*EXERCISE REQUIREMENTS*:
Nothing but the lines below between the line holding "Knitted Baby Boots & Mittens - Coffee" and the line holding "Realistic texture of", inclusive, should appear in the answer, each set down exactly.

*DATASET EXTRACT*:
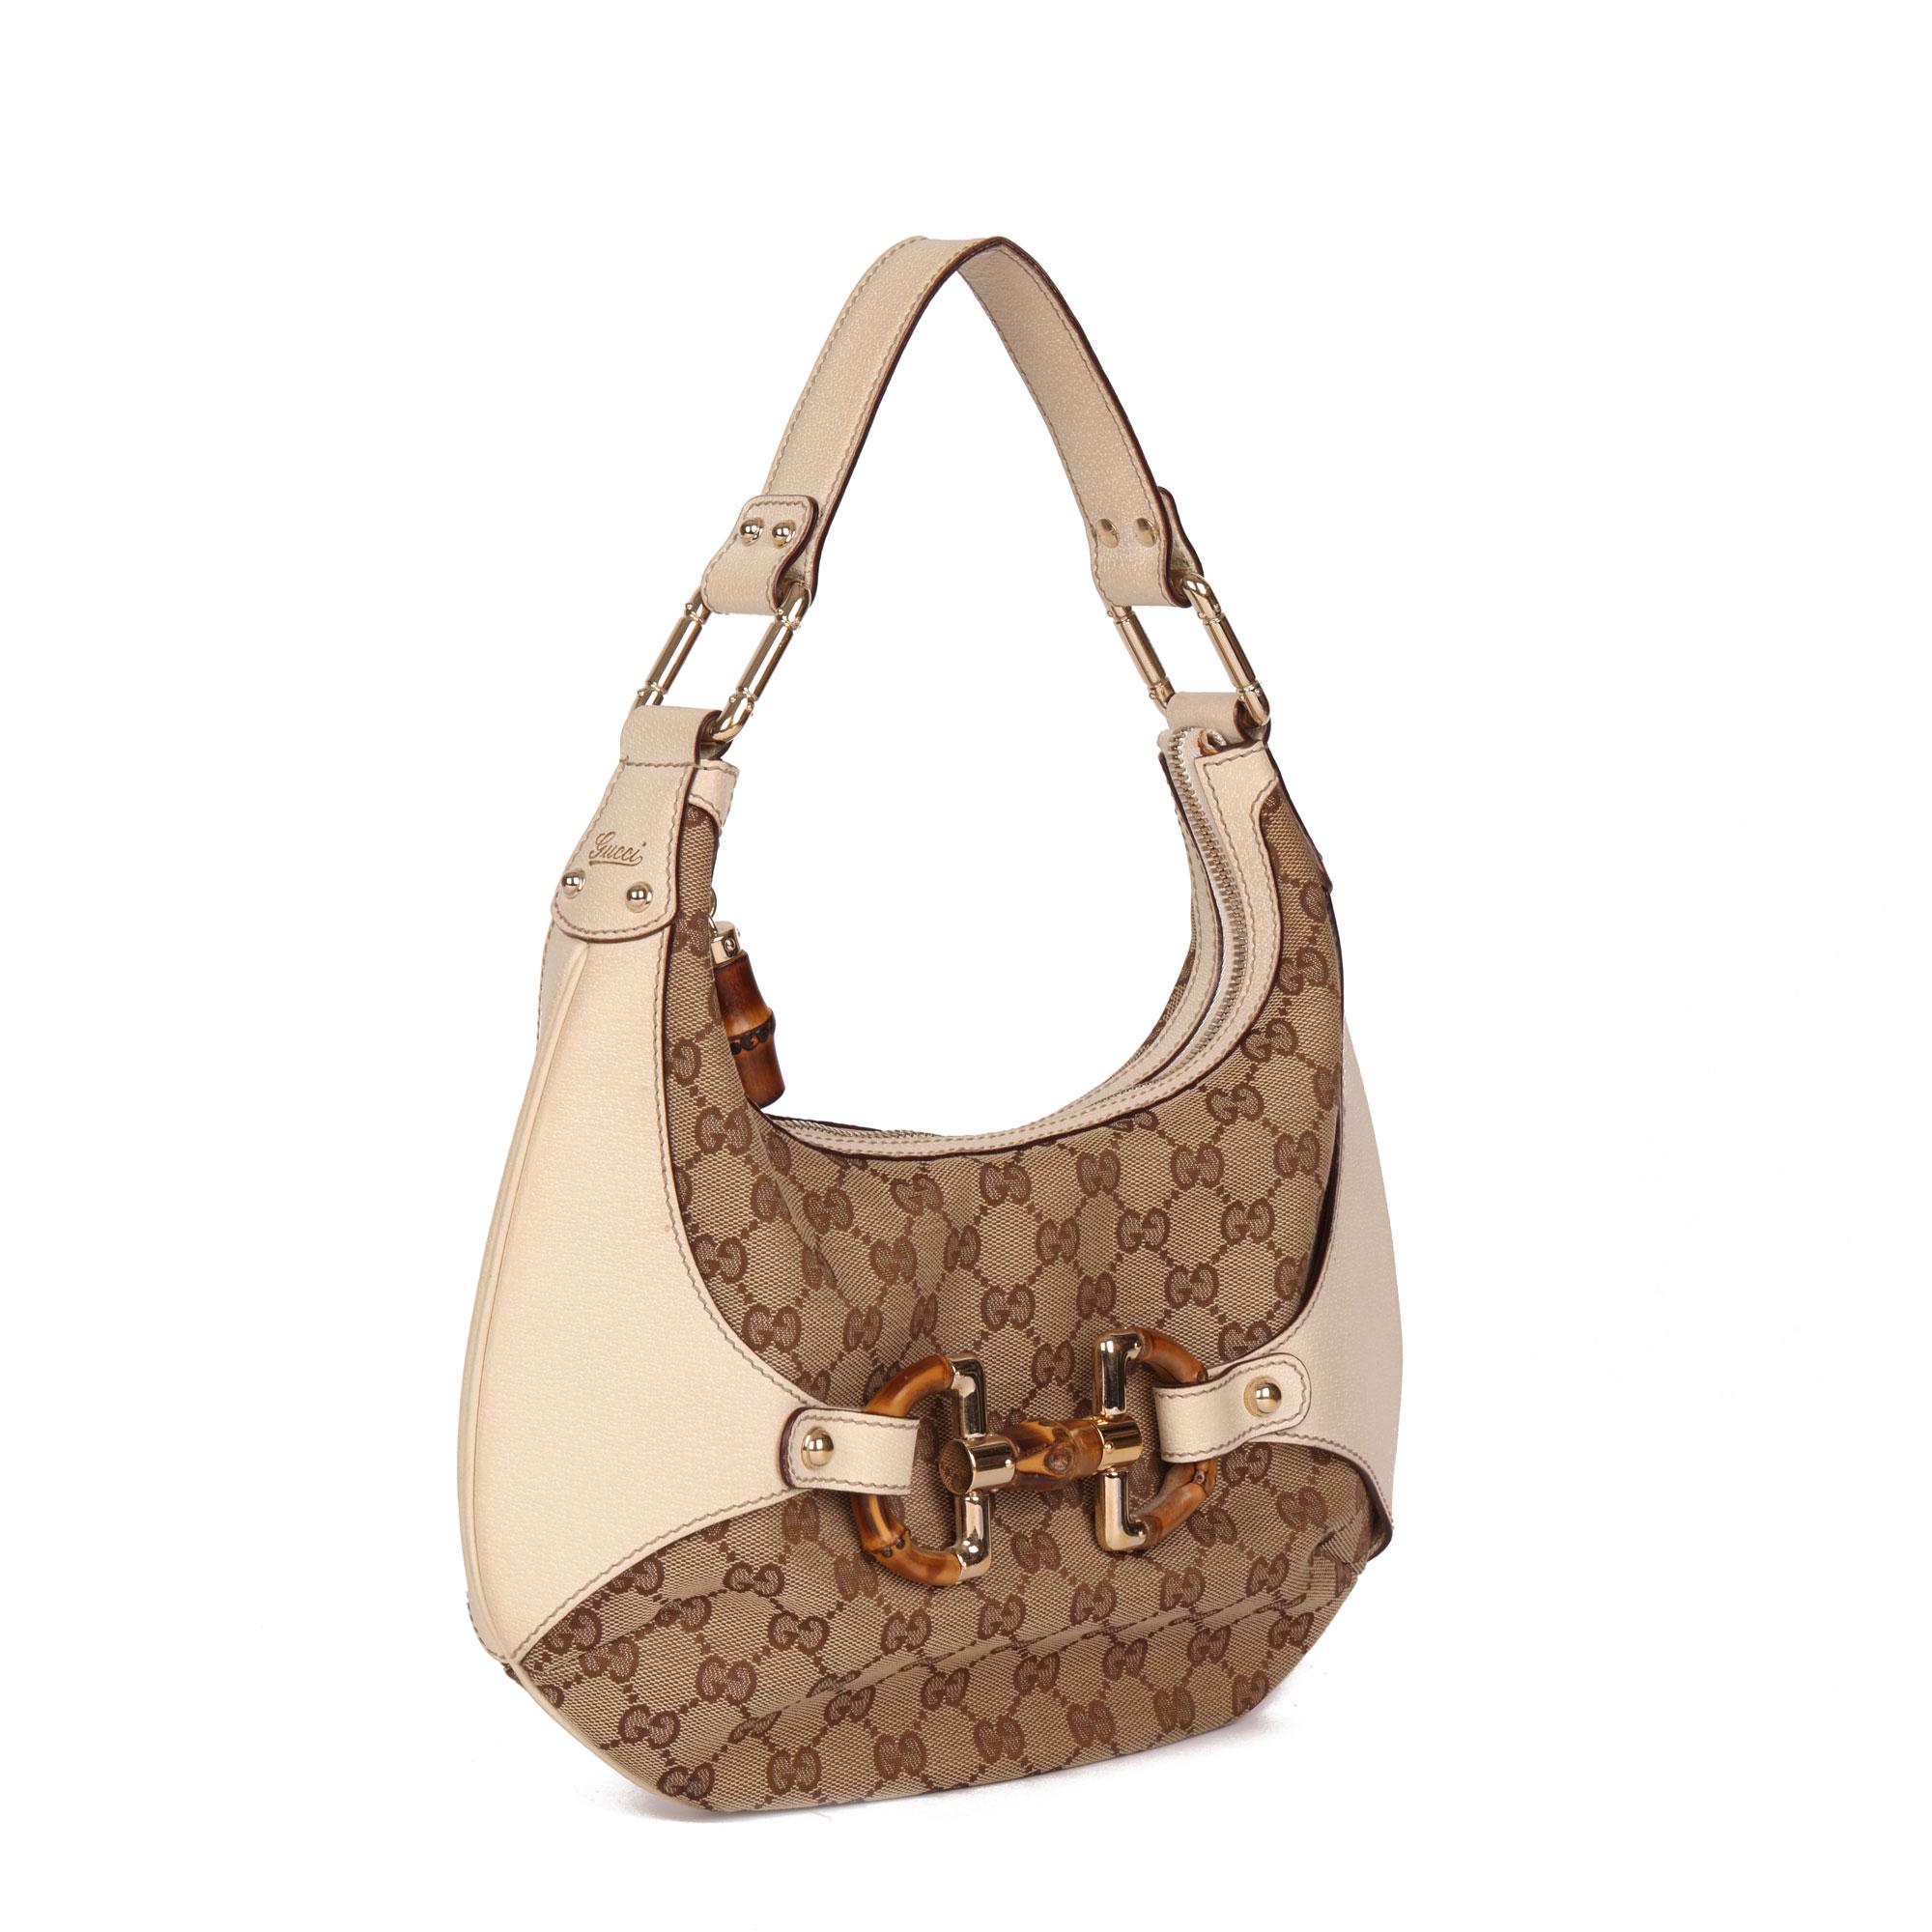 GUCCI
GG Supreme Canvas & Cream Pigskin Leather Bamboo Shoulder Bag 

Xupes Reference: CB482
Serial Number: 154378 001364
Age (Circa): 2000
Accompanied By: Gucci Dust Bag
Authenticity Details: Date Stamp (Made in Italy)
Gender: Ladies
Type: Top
---
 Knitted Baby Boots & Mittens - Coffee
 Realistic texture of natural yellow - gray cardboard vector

*COMPLETED TASK*:
 Knitted Baby Boots & Mittens - Coffee
 Realistic texture of natural yellow - gray cardboard vector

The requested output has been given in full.